Muge Calikolglu, MD
First Day Information
Prior to your first day, email Dr. Calikoglu for rotation details.
Goals and Objectives
OVERALL EDUCATIONAL GOAL:
The goal is to prepare residents for pediatric practice and/or research careers in the new age of genomic medicine. Residents should already possess an understanding of the basic principles of human genetics and then hone this knowledge by actively participating in the activities of our outpatient and inpatient consultation service. This rotation will provide residents with an opportunity to review basic principles of genetics and apply them to the diagnosis, management, and counseling of our patient population. The clinical settings include the UNC outpatient clinic, the pediatric ward, the critical care units, newborn nursery, the morgue, occasionally other medical, surgical, psychiatric inpatient units and outpatient clinics, and our satellite clinics.

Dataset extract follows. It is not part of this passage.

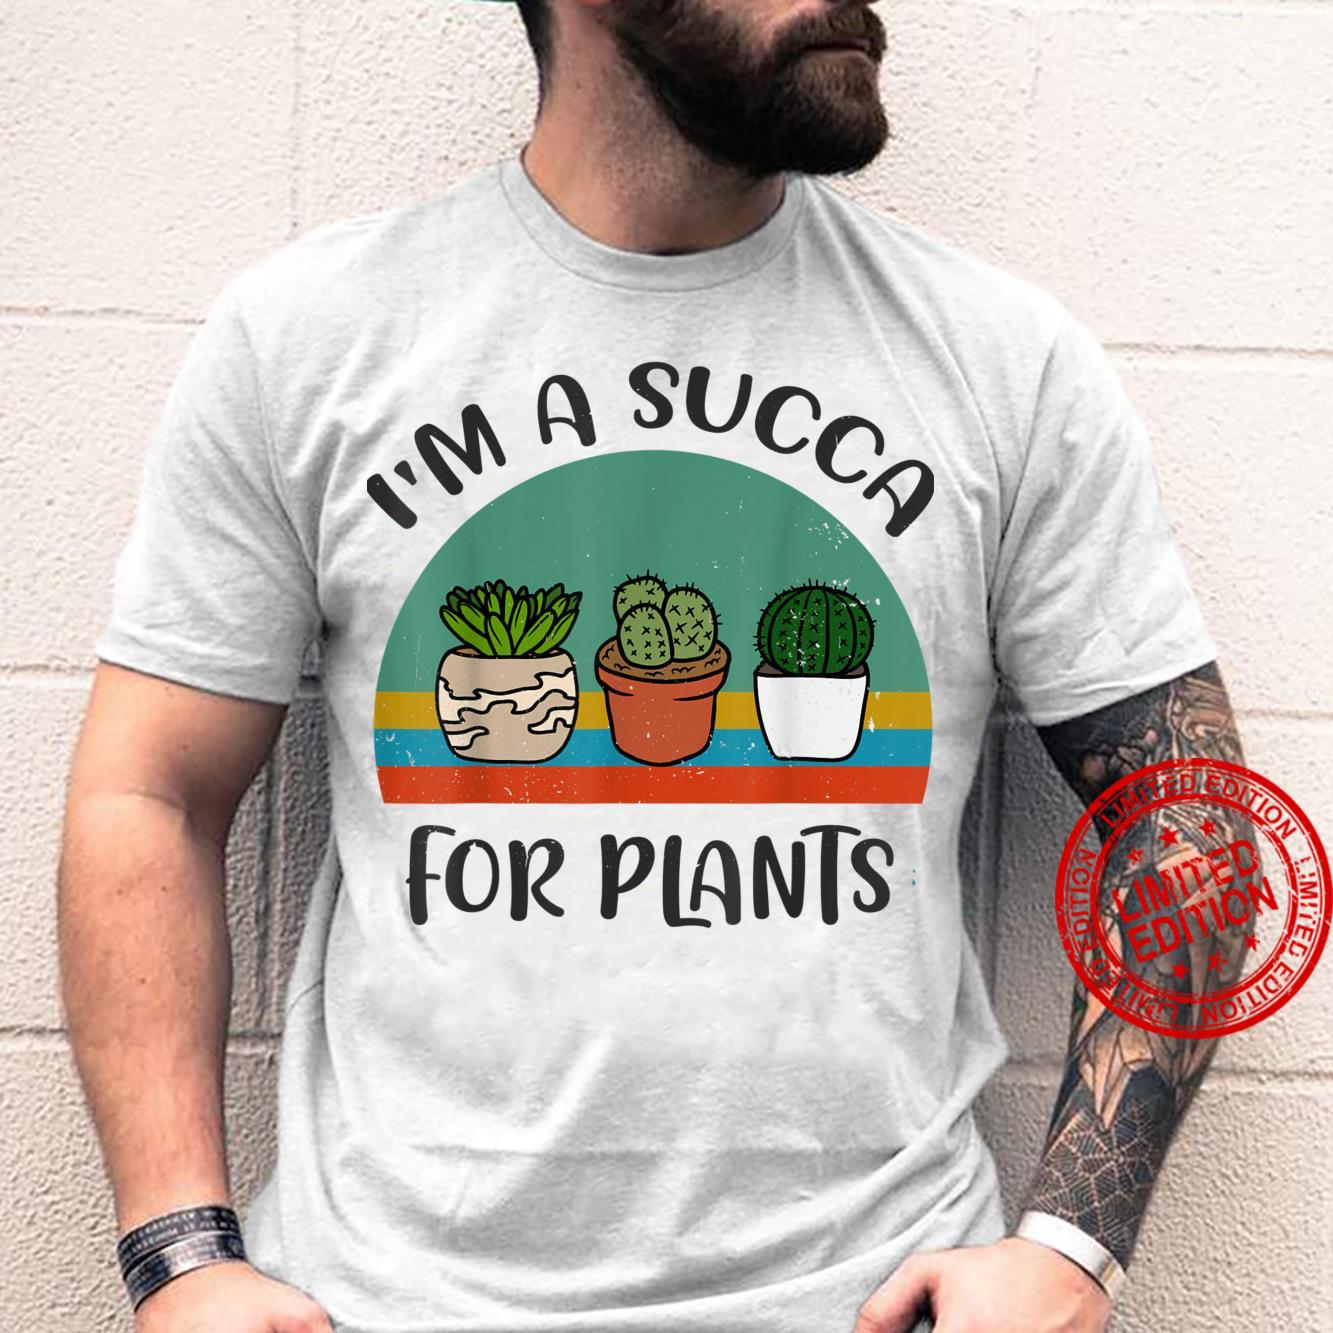 Funny Cactus I'm A Succa for Plants Succulents Garden Shirt

The resident should be able to:
Elicit a comprehensive genetic family history, construct an accurate pedigree using standard
symbols , and interpret inheritance patterns of genetic disease in family histories. (PC, MK)

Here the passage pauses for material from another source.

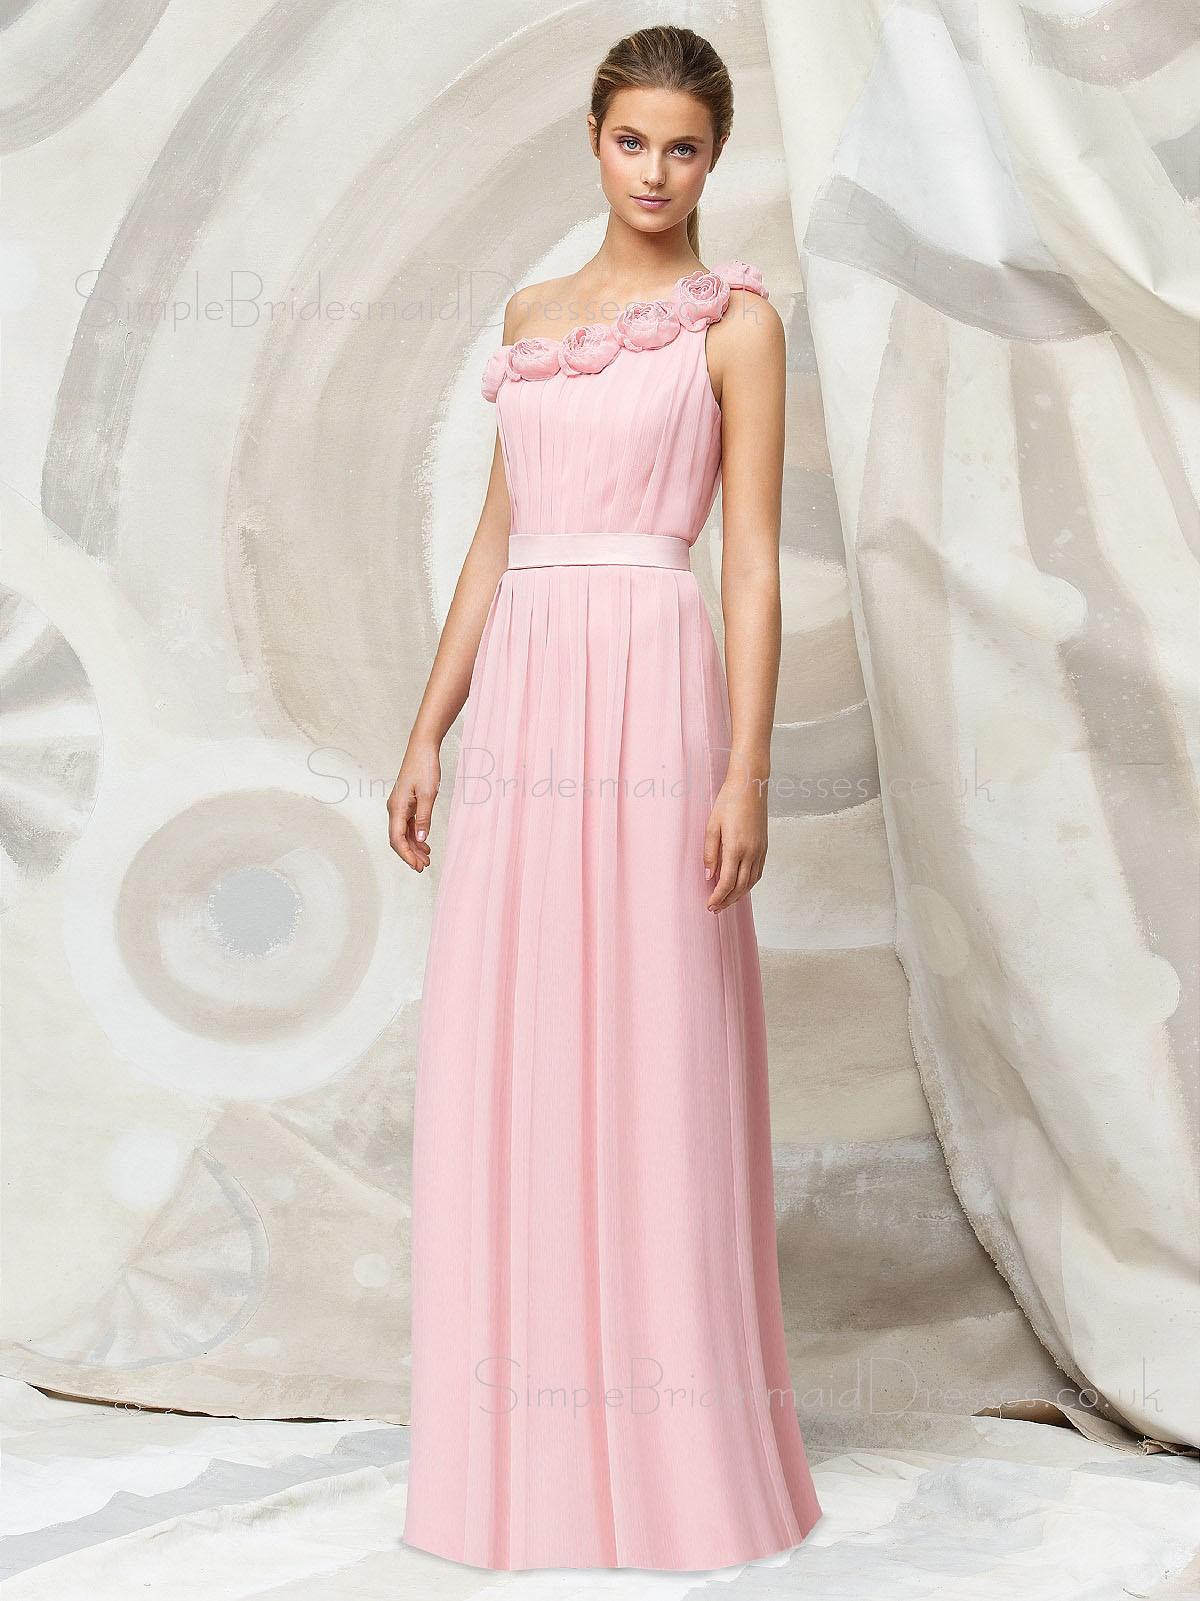 Pink Floor-length Chiffon Natural A-line Bridesmaid Dress ...

Perform a physical examination with attention to those findings commonly found in patients
with genetic and metabolic disease. (PC, MK)
Understand how to approach a genetic diagnostic evaluation for children with dysmorphic features, birth defects, and/or mental retardation, and recognize and classify congenital anomalies and multiple congenital anomaly syndromes. (MK)

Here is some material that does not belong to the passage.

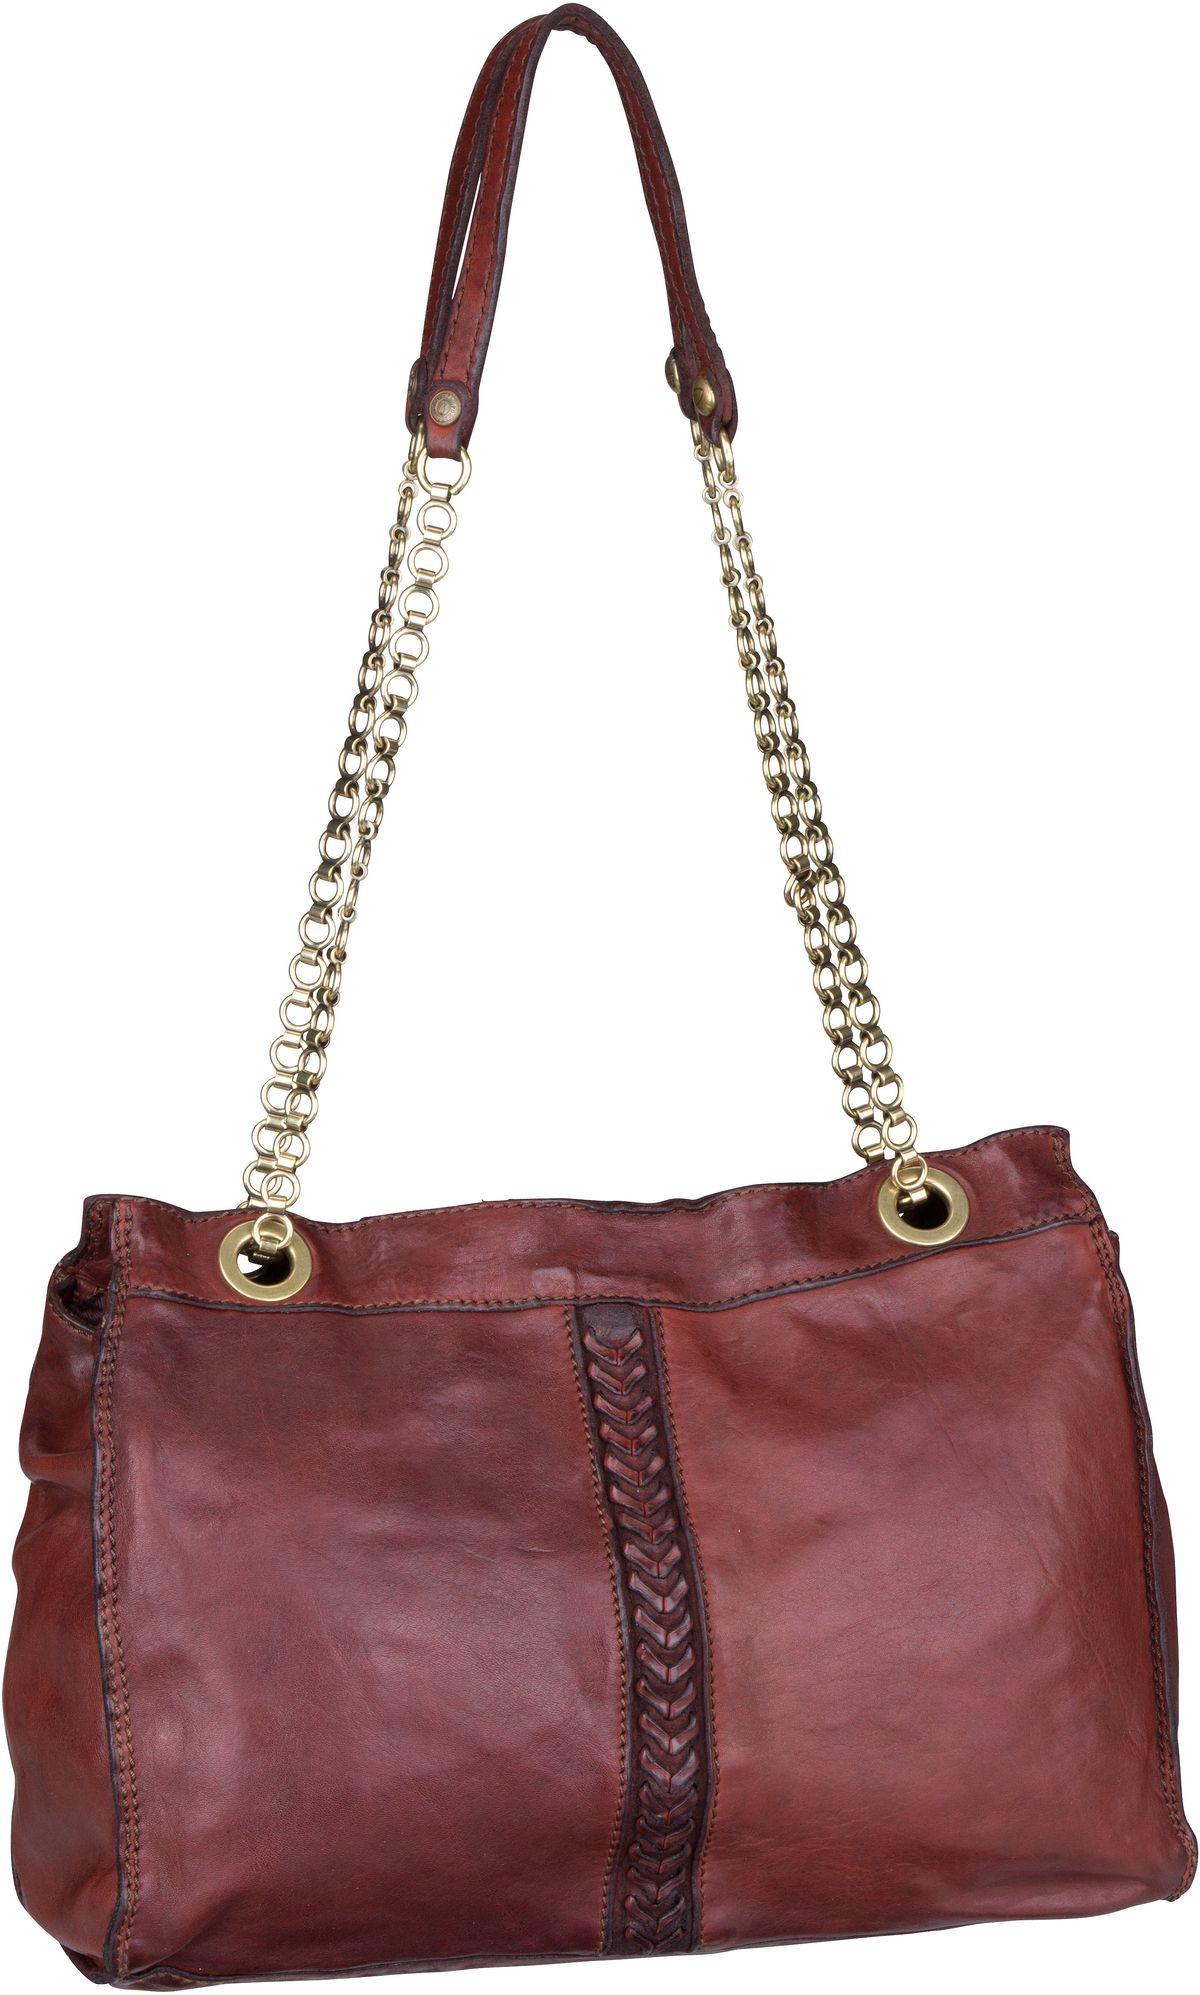 Handtasche Afrodite C16640 Vinaccia

Know the clinical features of common chromosomal aneuploidies, the signs generally associated with other kinds of chromosomal imbalance, and the indications for cytogenetic testing. (MK)
Recognize the signs and symptoms of inborn errors of metabolism and initiate the evaluation of such patients. (PC, MK)
Utilize genetic references and resources in the evaluation and management of patients. (PBL, MK, PC)
Demonstrate appropriate techniques and approaches when providing genetic counseling for commonly-encountered genetic disorders, and learning how to communicate genetic information in a manner that is suitable for each patient and family. (MK, I&CS)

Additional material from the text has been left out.